Let's start with the canonical Richards' algorithm:


void FromRataDie(int rd, int& year, int& month, int& day) {
    int jdn = rd + 1721425;
    assert(jdn >= 0);
    int f = jdn + 1401 + (((4 * jdn + 274277) / 146097) * 3) / 4 - 38;
    int e = 4 * f + 3;
    int g = (e % 1461) / 4;
    int h = 5 * g + 2;
    day = (h % 153) / 5 + 1;
    month = (h / 153 + 2) % 12 + 1;
    year = (e / 1461) - 4716 + (14 - month) / 12;
    assert(year >= -4713);
    assert((month >= 1) && (month <= 12));
    assert((day >= 1) && (day <= 31));
}

We've already seen how we can get rid of most of these divisions using bitwise shifts or by using different divisors entirely (instead of 153 and 12, for instance):

void FromRataDie(int rd, int& year, int& month, int& day) {
    assert(rd >= 1);
    int a = rd << 2;
    int b = (a + 147321) / 146097;
    int c = ((a + b * 3) | 3) + 1220;
    int d = c / 1461;
    int e = c - d * 1461;
    int f = (e >> 2) * 2141 + 197688;
    int g = f >> 16;
    int h = (g + 3) >> 4;
    day = ((f & 0xFFFF) / 2141) + 1;
    month = g - h * 12;
    year = d + h;
    assert(year >= 1);
    assert((month >= 1) && (month <= 12));
    assert((day >= 1) && (day <= 31));
}

The rather curious bitwise-or with three in the calculation of "c" is due to the observation:

    (x | 3) == (((x / 4) * 4) + 3)


The new constant 2141 is due to the following approximation:

    153 ÷ 5 ~= 65536 ÷ 2141

Alas, our "Division by Integer Constants" trick must resort to 64-bit quantities to obtain a true Golf solution:

void FromRataDie(int rd, int& year, int& month, int& day) {
    assert((rd >= 1) && (rd <= 23936166));
    uint64_t a = uint64_t(rd << 2);
    uint64_t b = (((a + 147321) * 0xE5AC1AF3) >> 49);
    uint64_t c = ((a + b * 3) | 3) + 1220;
    int d = int((c * 0xB36D8398) >> 42);
    int e = int(c - d * 1461);
    int f = (e >> 2) * 2141 + 197688;
    int g = f >> 16;
    int h = (g + 3) >> 4;
    day = (((f & 0xFFFF) * 0x7A71) >> 26) + 1;
    month = g - h * 12;
    year = d + h;
    assert((year >= 1) && (year <= 65535));
    assert((month >= 1) && (month <= 12));
    assert((day >= 1) && (day <= 31));
}

One interesting thing about this algorithm is that none of the constants (with the possible exceptions of 12 and 1461 = 365.25 * 4) look like they've got anything to do with date calculations.
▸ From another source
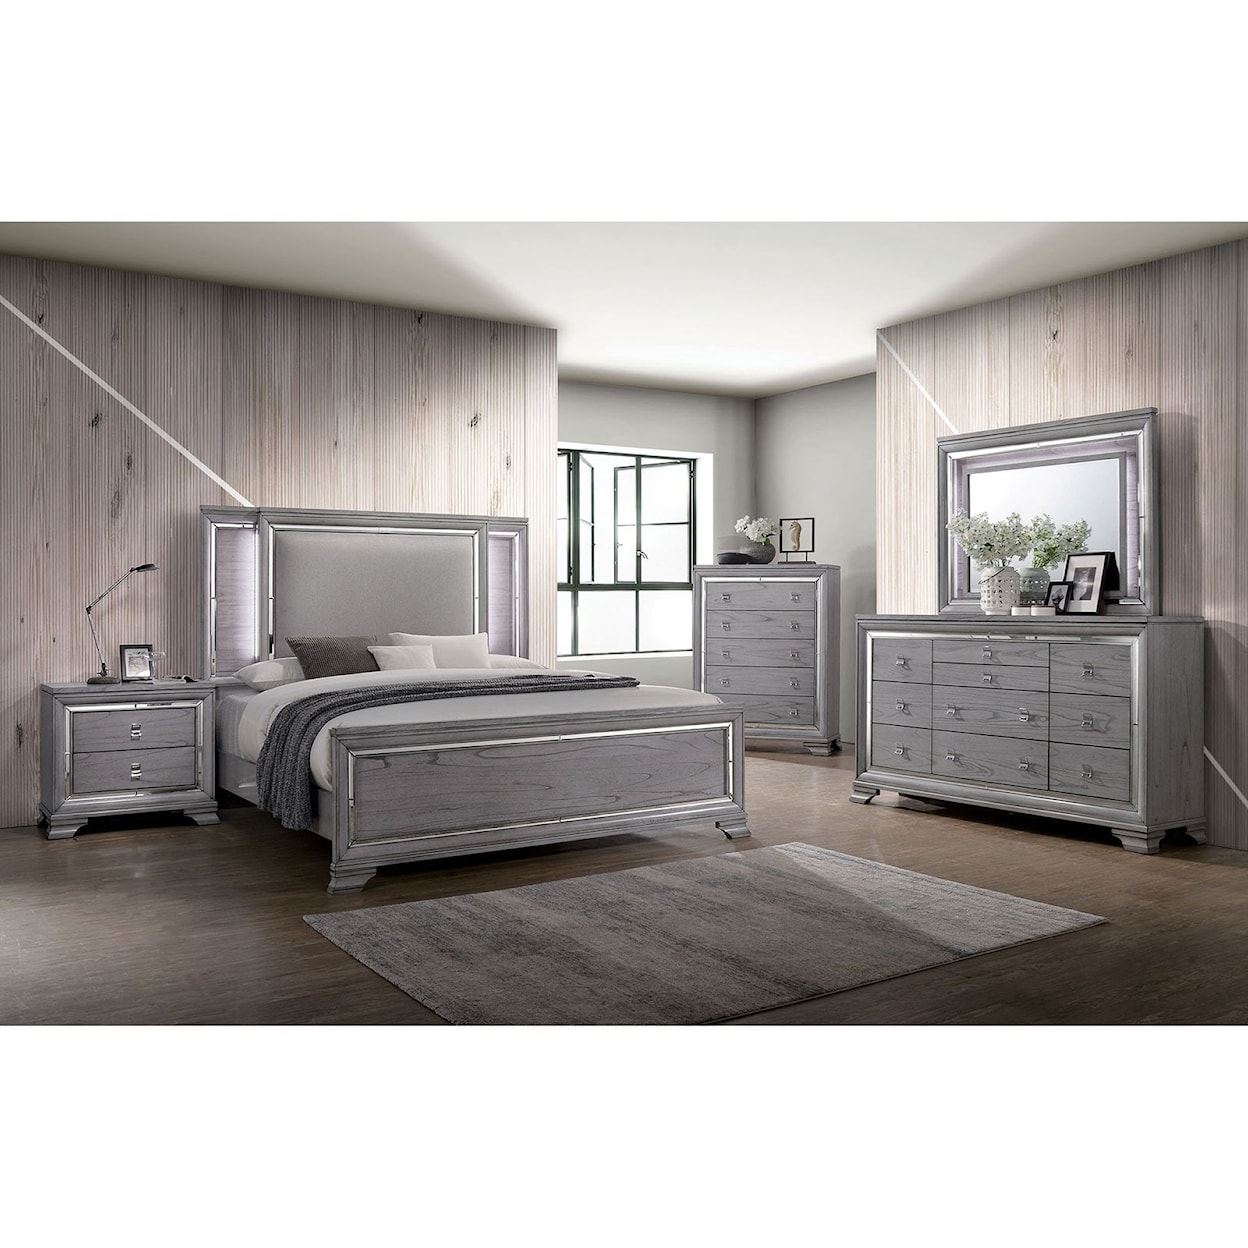 Furniture of America Alanis California King Bedroom Set

Indeed, it looks more like a pseudo-random number generator.

Computing the year and the day-of-year (1 to 366) from the Rata Die integer is left as an exercise for the reader.

Gregorian Date Calculation Golf 3

So let's convert a Gregorian year/month/day triplet to a serial day number. To make things simple, I'm going to expression serial day numbers as Rata Die integers; i.e. the number of calendar days since the day before January 1, 1 C.E.

This means that January 1, 1 C.E. is RD=1 and June 1, 2015 is RD=735750.

Here's the classic Julian Day Number (JDN) calculation offset for the Rata Die scheme:

int ToRataDie(int year, int month, int day) {
    assert(year >= -4713);
    assert((month >= 1) && (month <= 12));
    assert((day >= 1) && (day <= 31));
    int a = (14 - month) / 12;
    int y = year + 4800 - a;
    int m = month + 12 * a - 3;
    int jdn = day + ((153 * m + 2) / 5) + 365 * y +
              (y / 4) - (y / 100) + (y / 400) - 32045;
    return jdn - 1721425;
}

Of course, for Gregorian Date Calculation Golf we want to eradicate those divisions. Fortunately, we're only interested in years between 1 and 65535 inclusive.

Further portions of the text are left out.